Tidak ada ketentuan pasti berapa kali setahun orang-orang napi ini dibawa ke Sawahlunto. Pengangkutan mereka tergantung pada permintaan perusahaan Ombilin yang disebut juga De Ombilin Steenkolenmijnen, istilah Belandanya. Ada yang dibawa sekali 3 bulan, ada pula sekali 4 bulan. Sampai tahun 1920-an, jumlahnya luar biasa besar. Hampir 75% dari 20.000 tenaga kerja di perusahaan Ombilin berasal dari orang perantaian.
Bayangkan, kota Sawahlunto dipadati orang-orang perantaian. Para petinggi Belanda kewalahan mengawasinya. W.H. Rahder saja yang menjadi kontrolir di Sawahluto mengeluh terus-menerus ke atasannya di Batavia, Direktur Departemen Dalam Negeri (Binnenland Bestuur). Gaji kecil, pekerjaan berlipat ganda, mengurus rakyat dan mengurus orang rantai. ”Ik krijg hoofdpijn,” (saya pusiiing), kata Rahder sambil mondar mandir di beranda depan rumah kediamannya. Ik (saya) ditekan sama perusahaan mengurus kettingganger (orang rantai), ditekan pula oleh atasan untuk mengurus orang-orang Sawahlunto. Mana yang harus ik urus? Sambil memegang cangklongnya, ia terus mengisap cerutu, dan mengebulkan asapnya sambil melihat ke langit yang ditutupi awan tebal, pertanda hujan akan turun. ”Sawahlunto sekarang sudah menjadi koloni kriminal”. Keluhnya.

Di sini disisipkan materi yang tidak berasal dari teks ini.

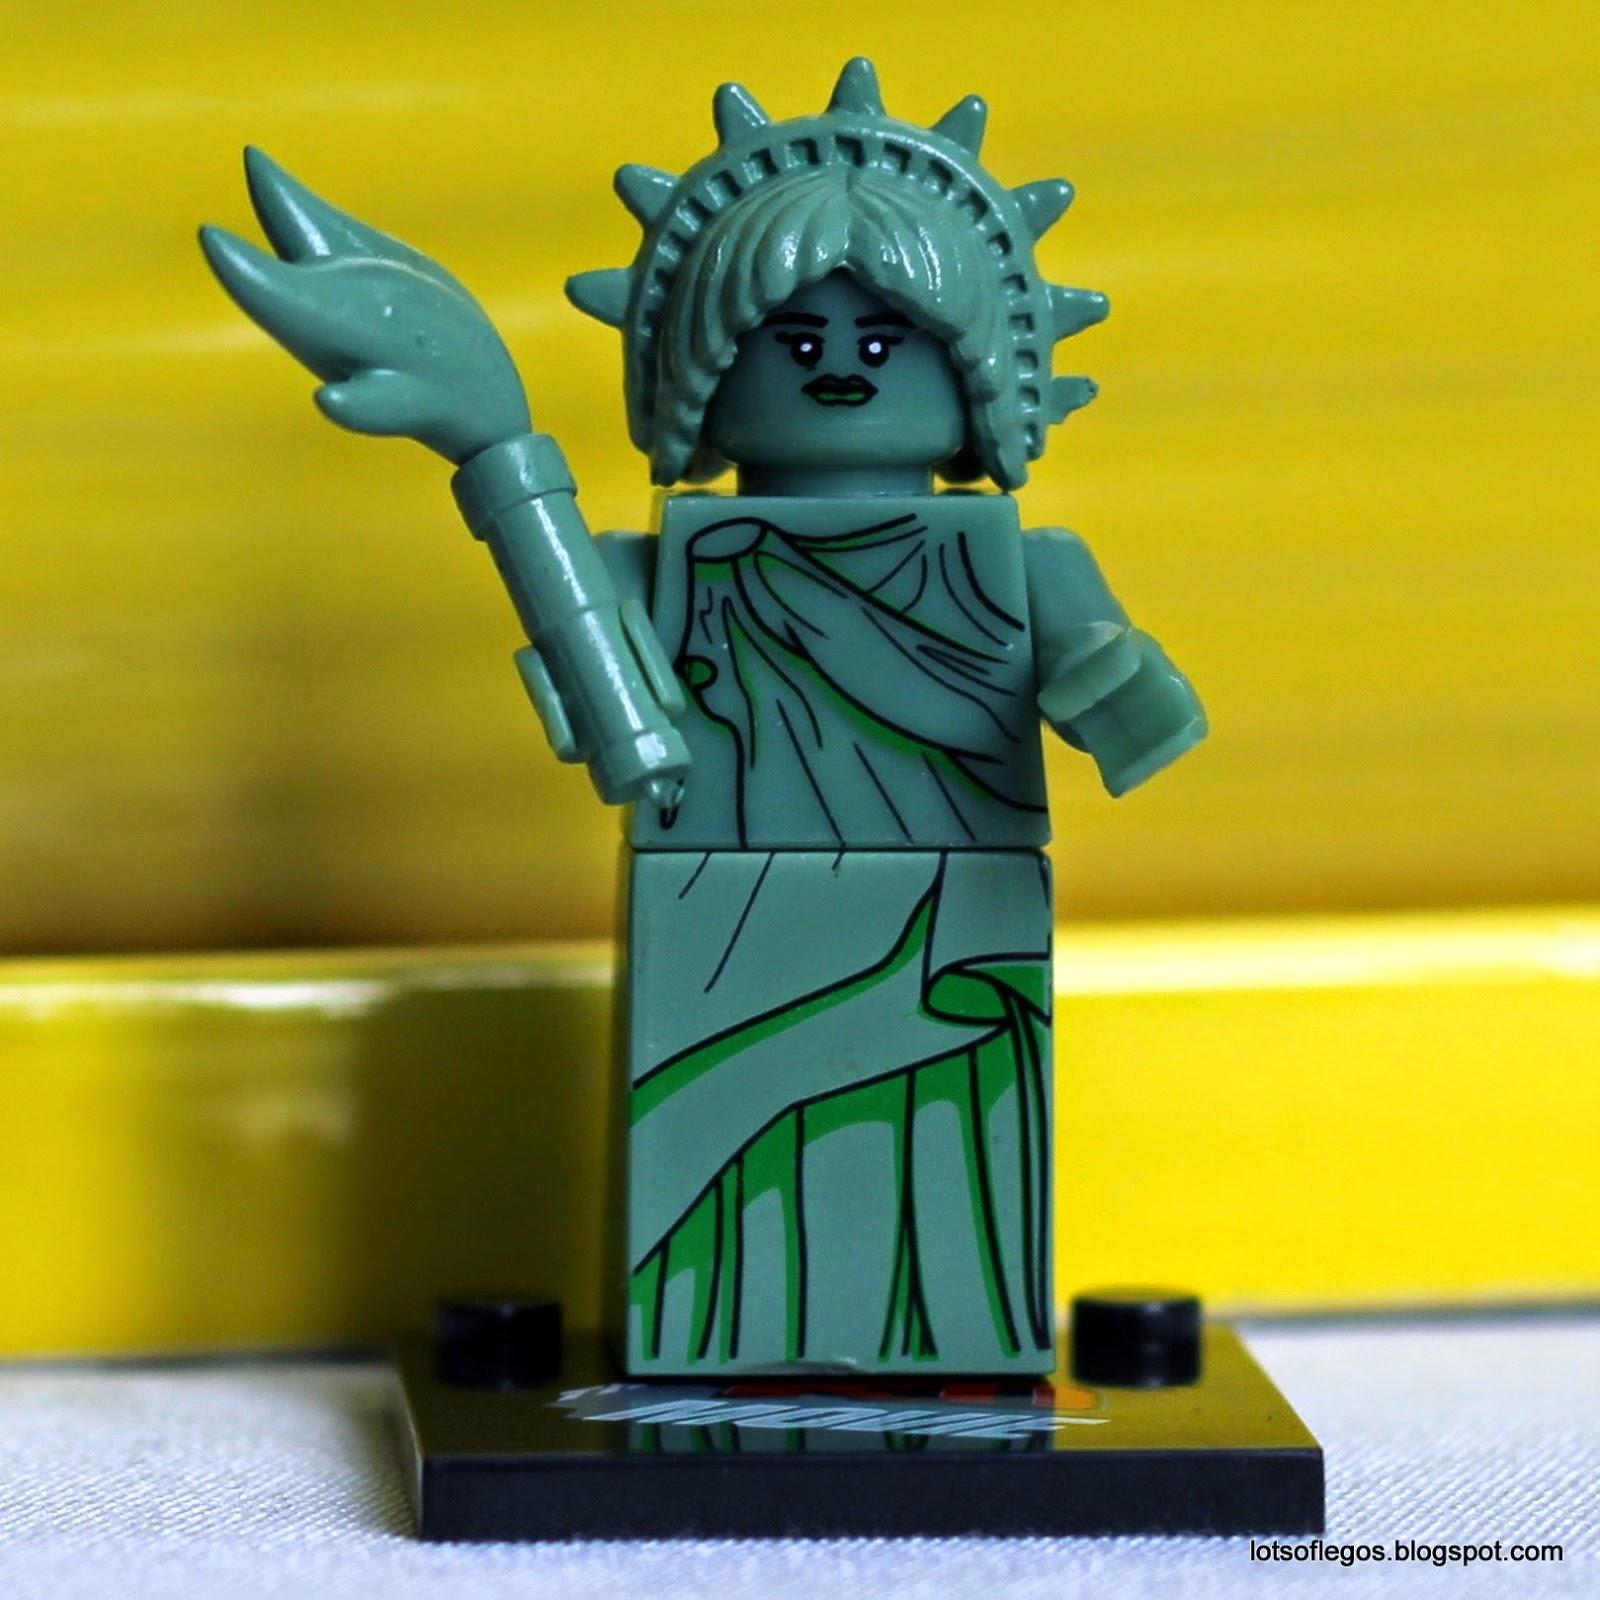 Unikitty Lego Set Bricks And Figures: Le...

Tut..tuut..tuuut.. bunyi kereta api, perlahan meninggalkan Emma Haven. Memasuki kota Padang, terus ke arah Tabing, berhenti mengambil penumpang, lalu melaju ke arah Lubuk Buaya, terus melewati kota-kota kecil, Padang Panjang, Solok, Silungkang dan akhirnya memasuki Sawahlunto. Pemandangan menakjubkan. Hutan lembah Anai yang hijau, air sungainya yang bersih, dan air terjunnya, menambah kesejukan mata memandang.
Air danau Singkarak yang membiru, berkilau-kilau diterpa cahaya matahari, padi menguning bak hamparan permadani menghiasi pemandangan ketika kereta menuju Solok. Detak-detak mesin tenun terdengar sayup dari rumah-rumah penduduk Silungkang, ikut menambah semaraknya suasana perjalanan menuju penjara Sawahlunto. Suasana indah itu tentulah milik penumpang kereta api biasa, bukan milik para napi yang melihat semua itu melalui pintu-pintu jendela kereta api dengan pandangan kosong.
Aba-aba bahwa kereta api akan berhenti sudah nampak. Lambaian-lambaian bendera kecil sudah mulai kelihatan sejak kereta api memasuki stasiun Muara Kalaban, dan sebentar lagi akan tiba di tempat yang dituju. Hatiku gundah, kata Usup, mau masuk ke lobang tambang, pasti kita mati, katanya meyakinkan teman-teman yang duduk di sebelahnya.
Raung kereta api yang panjang menandakan perjalanan semakin mencapai di tempat tujuan, stasiun Sawahlunto, tujuan akhir dan awal dari penjara baru untuk para napi. Oppas-oppas tangsi, bersiap-siap, polisi juga tidak ketinggalan. Satu persatu napi turun dari kereta api, ditampung di berbagai tangsi.
Mula-mula mereka ditempatkan di sebuah tangsi di Muaro Kalaban, karena harus membuat jalan kereta api. Para napi selanjutnya ditempatkan di tangsi Rantai, dekat lapangan bola kaki – lapangan yang dibangun sendiri - lalu di tangsi Durian di daerah Waringin, seterusnya tangsi di kampung Sungai Durian. Tangsi-tangsi itu mirip penjara, karena dijaga ketat oleh para oppas tangsi yang seram dan berpenampilan bengis.
Dari mana Belanda mengambil para oppas tangsi ini? Mula-mula dari daerah kampung sekitarnya, dari orang-orang bagak atau pemberani dan memiliki ilmu. Semakin banyak orang-orang napi yang datang semakin banyak pula sipir atau oppas tangsi diperlukan. Tidak cukup dari daerah sekitarnya, Belanda lalu mencari ke daerah Gunung Sitoli, orang-orang Batak yang pemberani, berbadan kekar. Belanda melatih mereka, diberi senjata, dan memakai baju seragam hitam, pakai topi, berjalan tegap, dengan mata terus mencurigai gerak-gerik napi. Para oppas tangsi menjaga dan memata-matai para napi di tangsi. Bermulalah kehidupan baru di penjara baru Sawahlunto.